Review Example 1 in the sidebar, in which evolutionary time moves from right to left. Colored lines show the evolutionary trajectory of five taxa descended from their most recent common ancestor (abbreviated MRCA). Pink for A and B (with lighter pink for A and darker pink for B), purple for C and D (with lighter purple for C and darker purple for D), and blue for taxa E. The taxa on a tree are often specific species, but can also be larger taxonomic groups like genera, families, kingdoms, etc. Each big red dot signifies a divergence, or split, among these taxa. We can see that first, the larger group diverged from E, then A and B split from C and D. Lastly, A diverged from B and C diverged from D. Phylogenies can be made more informative if we place the character-states possessed by our taxa of interest, as they appeared through time, causing each split. Example 2, in the sidebar, shows what this might look like using a vertical tree design, similar to what we will use in lab.
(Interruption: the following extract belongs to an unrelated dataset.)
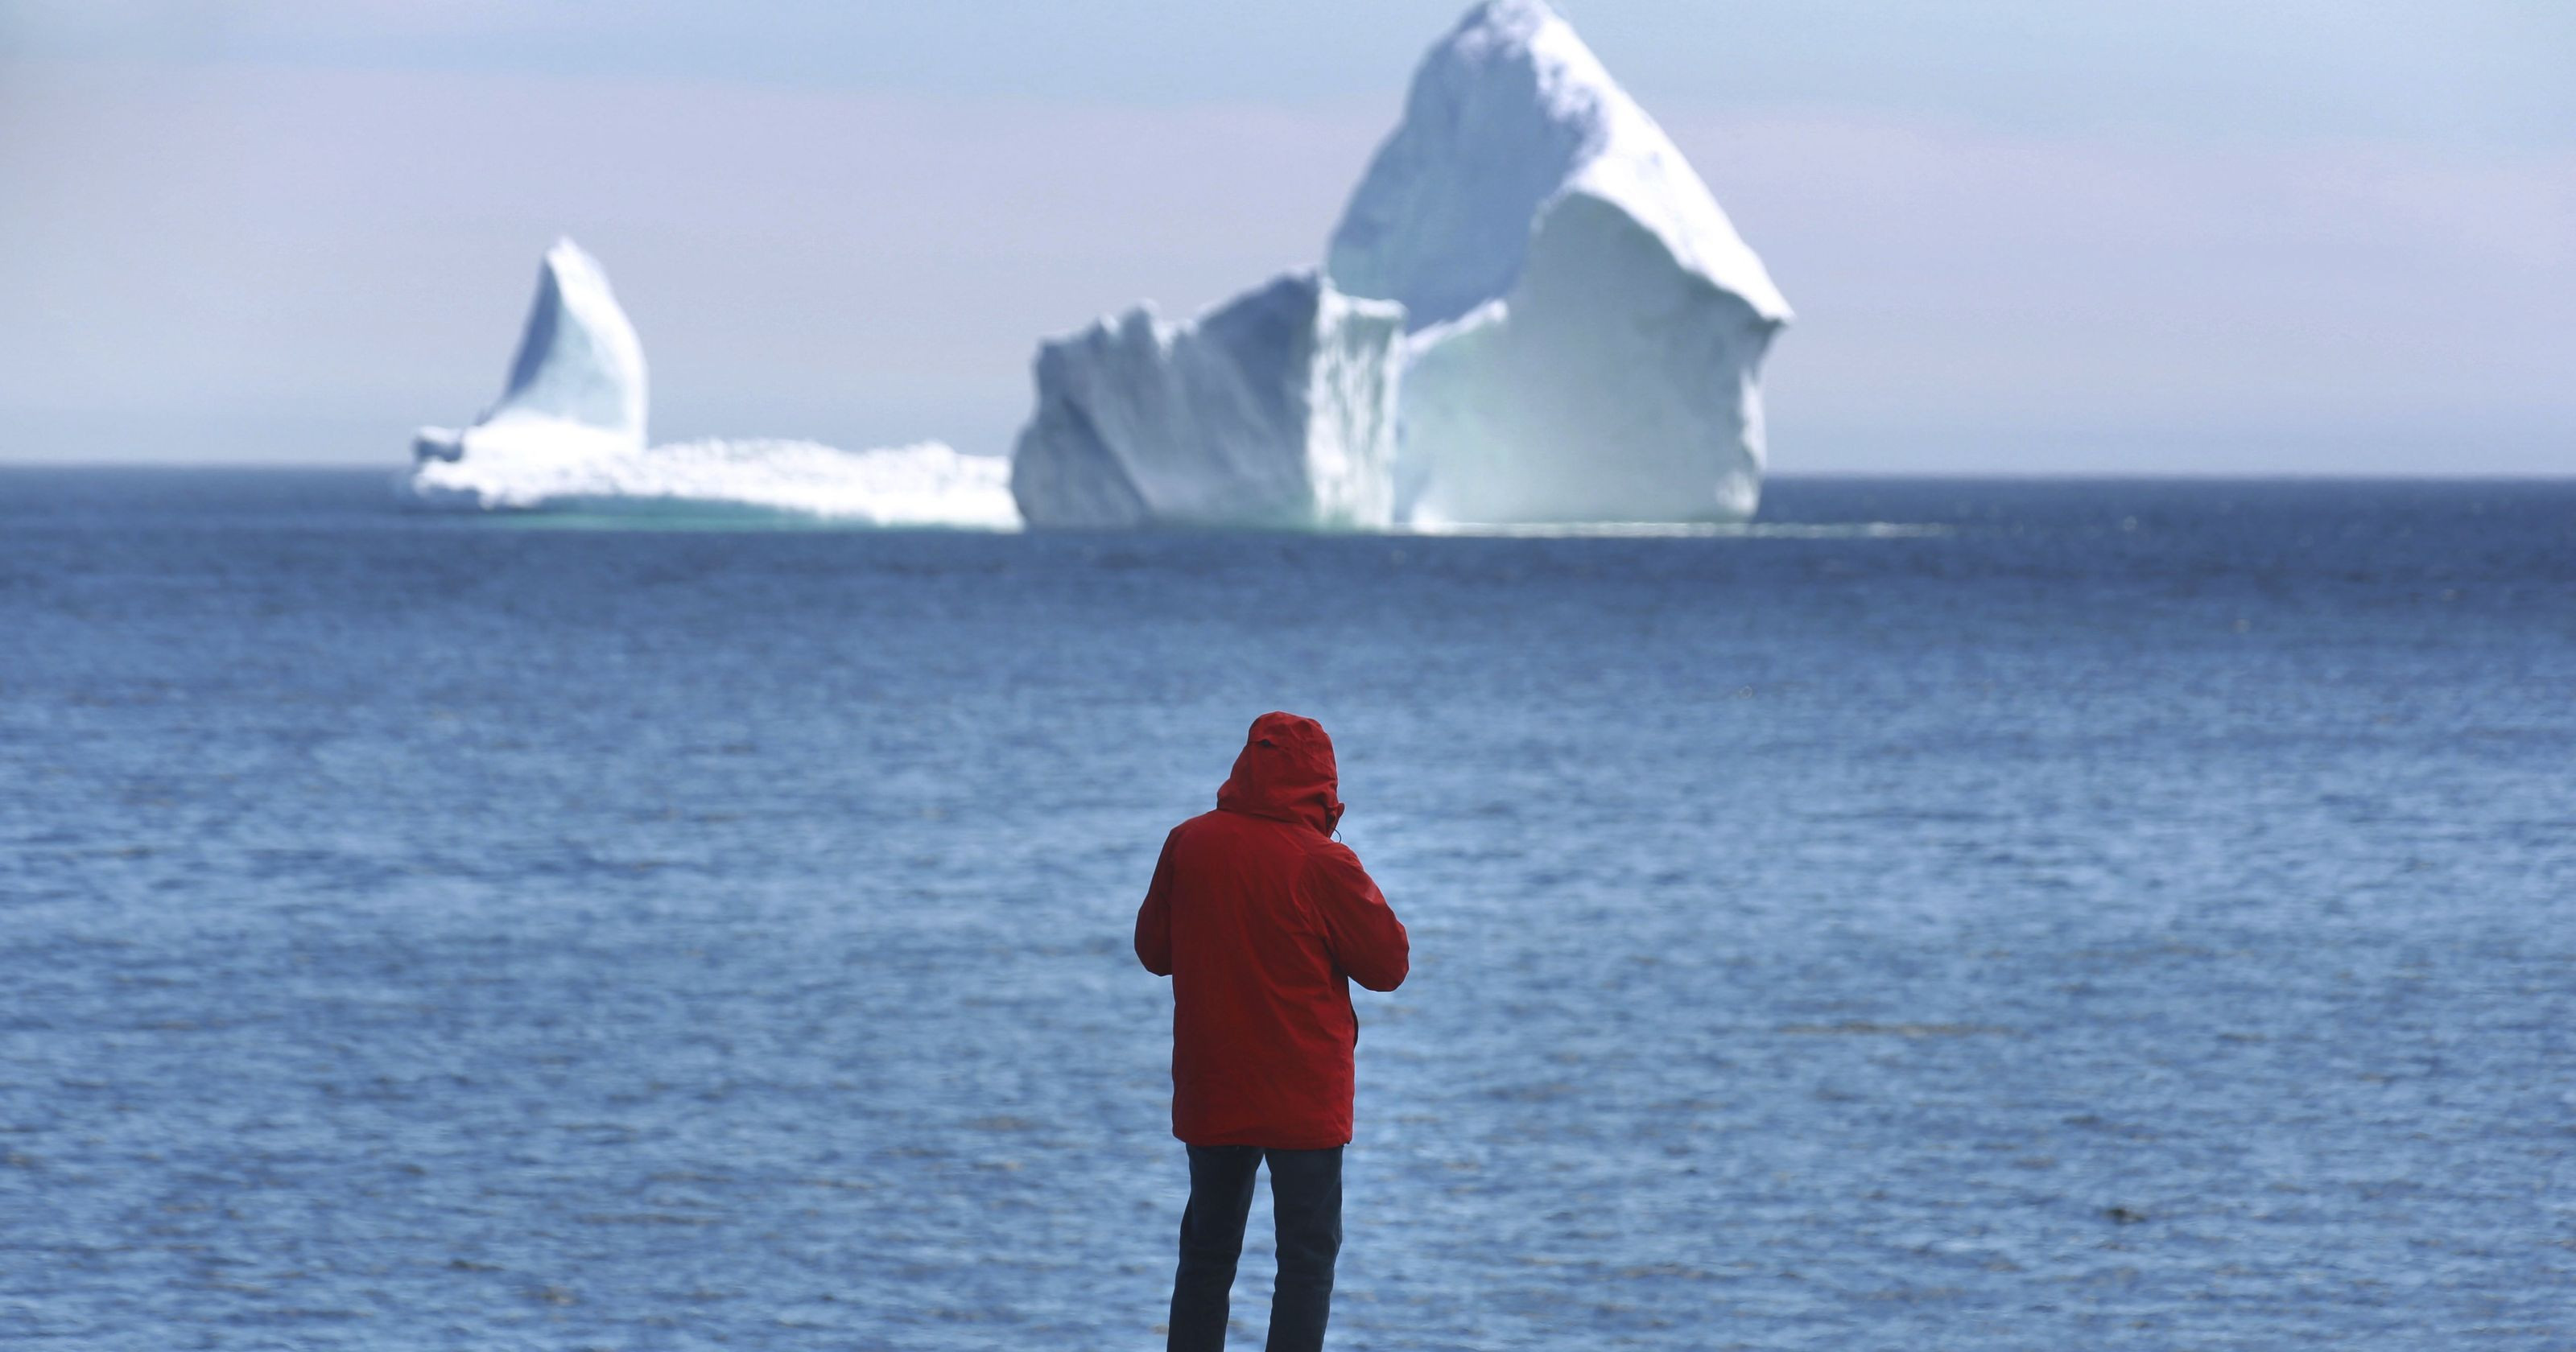 Гигантский айсберг А-68 весом 1 триллион тонн откололся от Антарктиды: ледник Ларсен-С стал еще меньше - удивительные кадры со спутника

In Example 2, we see some type of rodent as the common ancestor at the bottom, and five, extant (living), derived (new) species at the top of the tree. Labeled generically as taxa A through E. In these types of vertical trees, time moves in an upward direction, and we can follow the development of new (apomorphic), shared character states (synapomorphies) up the tree in various paths. First notice taxa A has no apomorphies. It is therefore the outgroup and is shown on the first branch. The original divergence, or break away, from the common ancestor resulted in taxa A and a new group of organisms that all have a fuzzy tail. This means that taxa B, C, D and E all have fuzzy tails, a synapomorhic trait among them. We can also see that only taxa D and E have the new trait of whiskers. Next, another group diverged with the development of big ears (which includes taxa C, D, and E), and lastly D and E diverged with evolution of whickers. Taxa A - E represent a monophyletic group for this common ancestor. If we were to only include taxa B - E, it would be an incomplete paraphyletic group. Also please note, we never put plesiomorphic (ancestral) traits on the tree. If the trait does not appear, one assumes it is the same as it was for the MRCA. |
Phylogeny images from Kahn Academy (link to article), originally sourced from "Taxonomy and phylogeny," by Robert Bear, et. al.
What will we do in lab & how will we do iT?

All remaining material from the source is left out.